# [GOAL OF THE EXERCISE]
Below are records with pictures. Reproduce exactly the lines from the line with "韓國婚紗攝影 － 古典歐美主題" to the line with "Leuchtende Spielzeuglampe in", inclusive, and leave each picture out.

# [EXERCISE INPUTS]

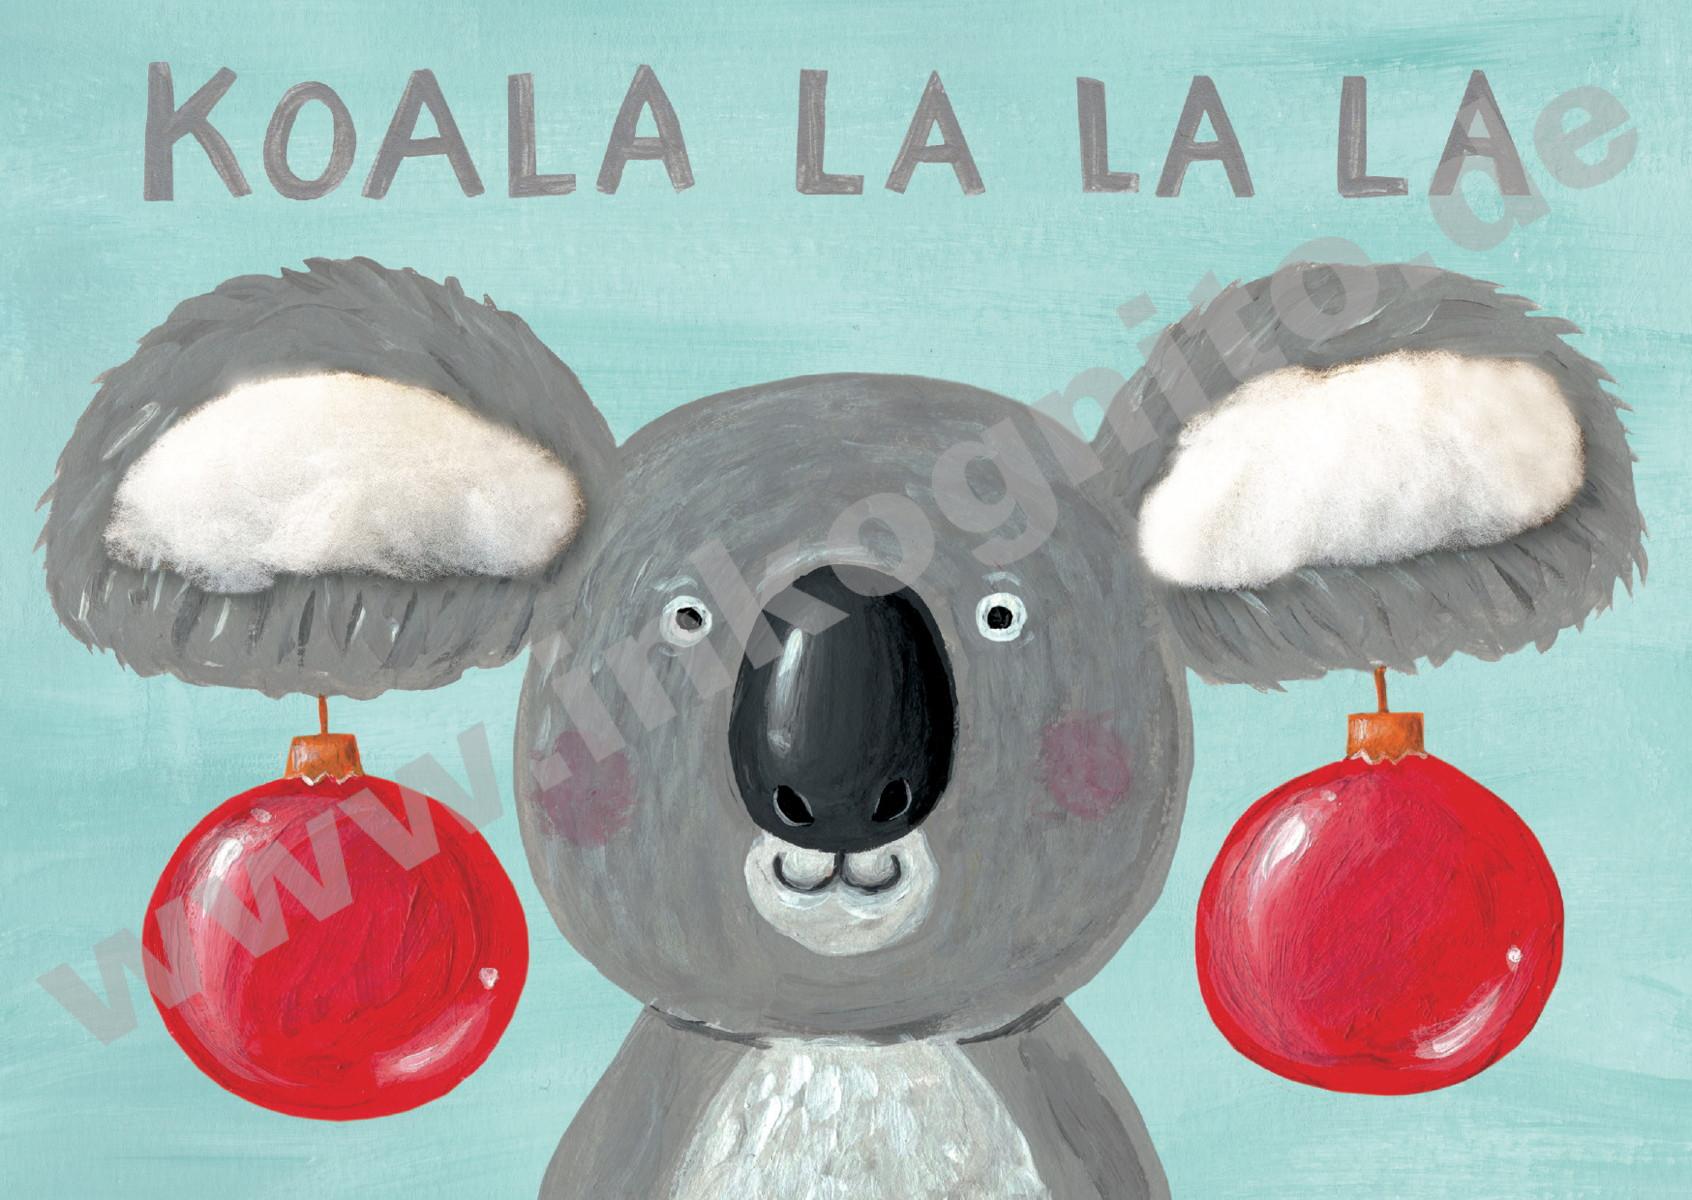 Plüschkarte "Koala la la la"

--

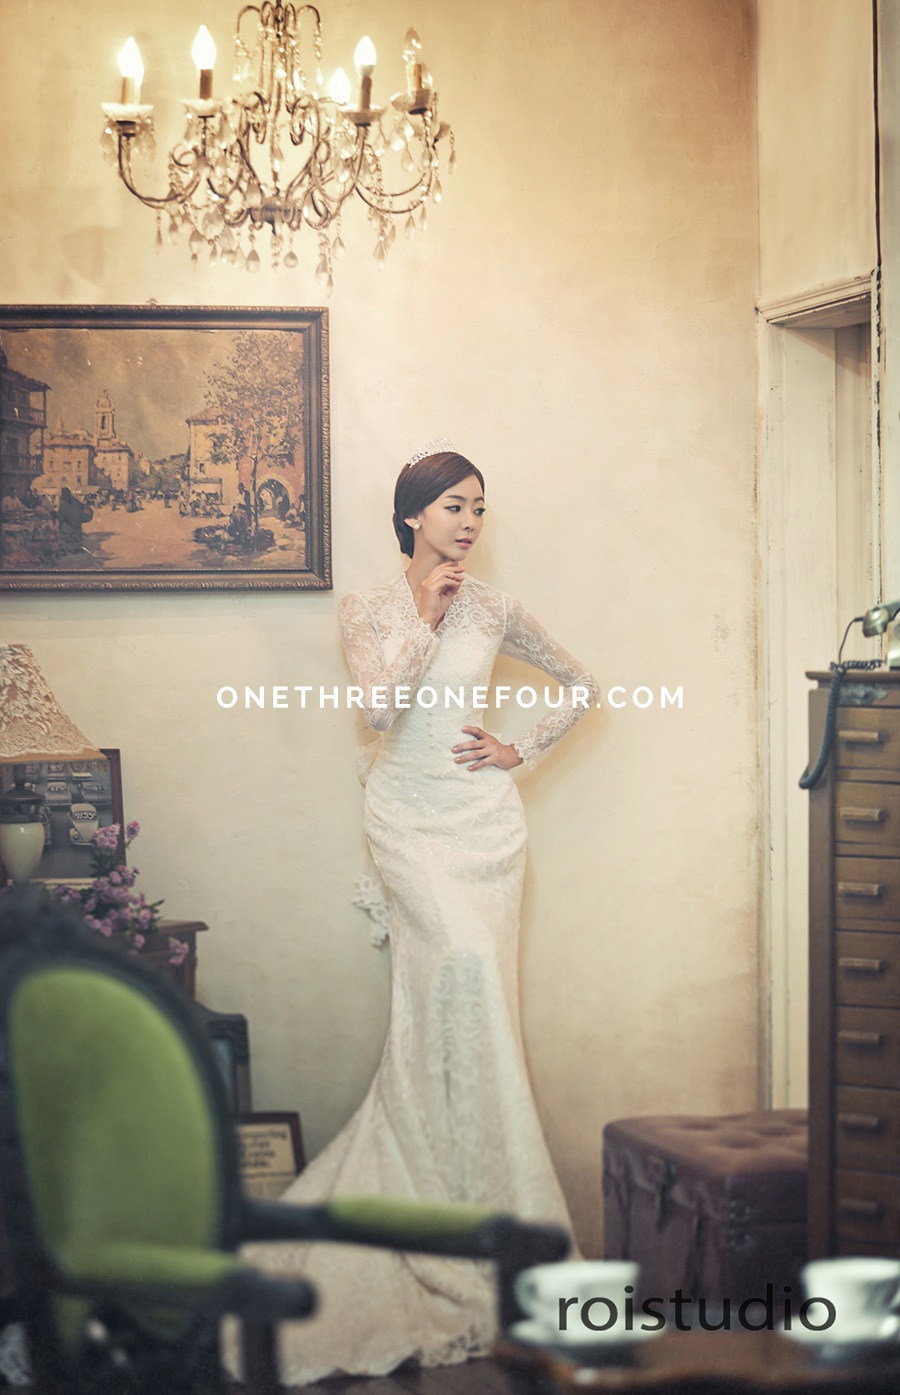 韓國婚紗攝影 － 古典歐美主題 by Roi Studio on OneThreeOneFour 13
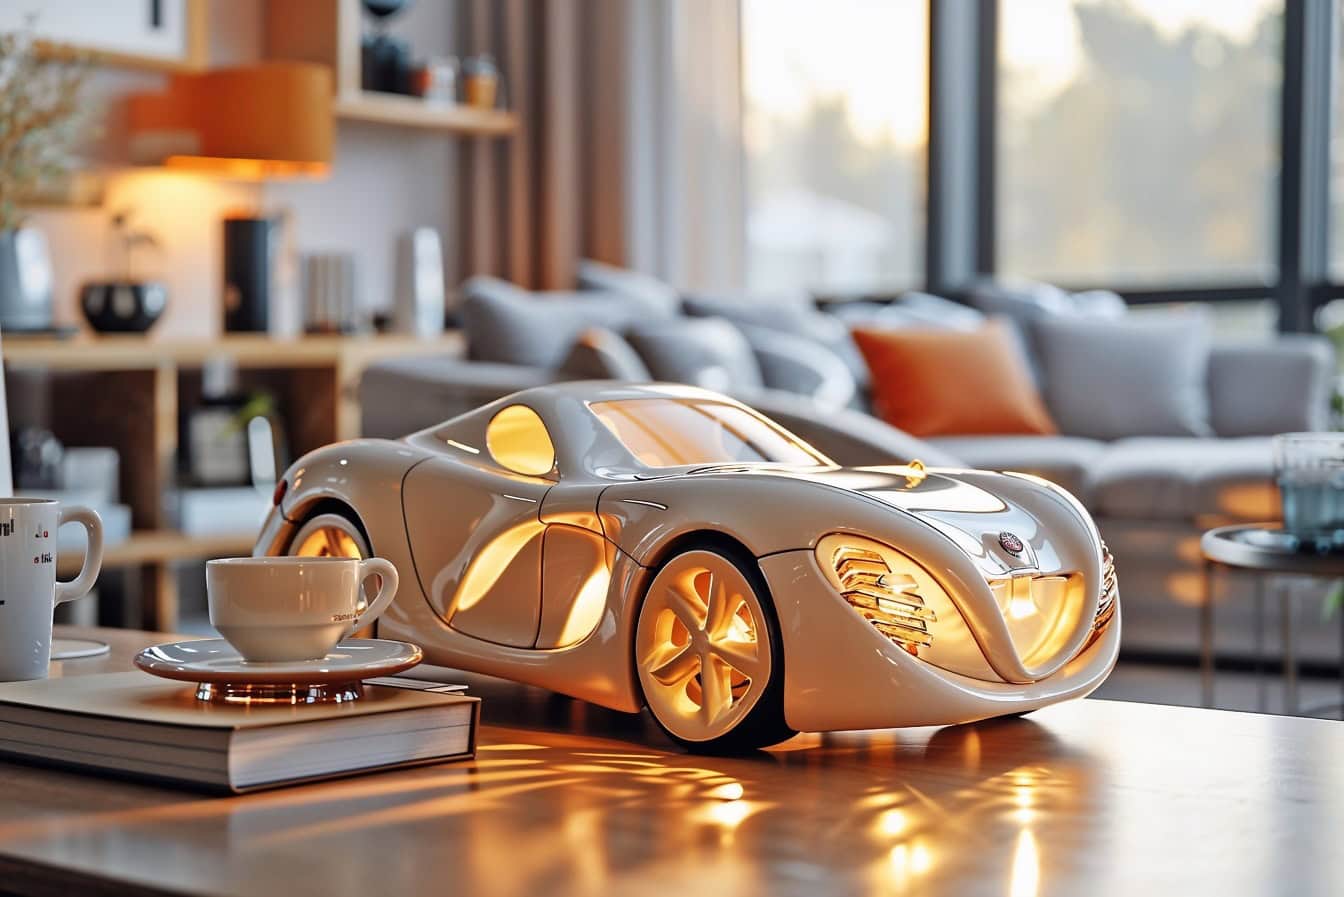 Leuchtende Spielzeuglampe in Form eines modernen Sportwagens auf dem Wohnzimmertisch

# [SOLUTION FOR THIS TASK]
 韓國婚紗攝影 － 古典歐美主題 by Roi Studio on OneThreeOneFour 13
 Leuchtende Spielzeuglampe in Form eines modernen Sportwagens auf dem Wohnzimmertisch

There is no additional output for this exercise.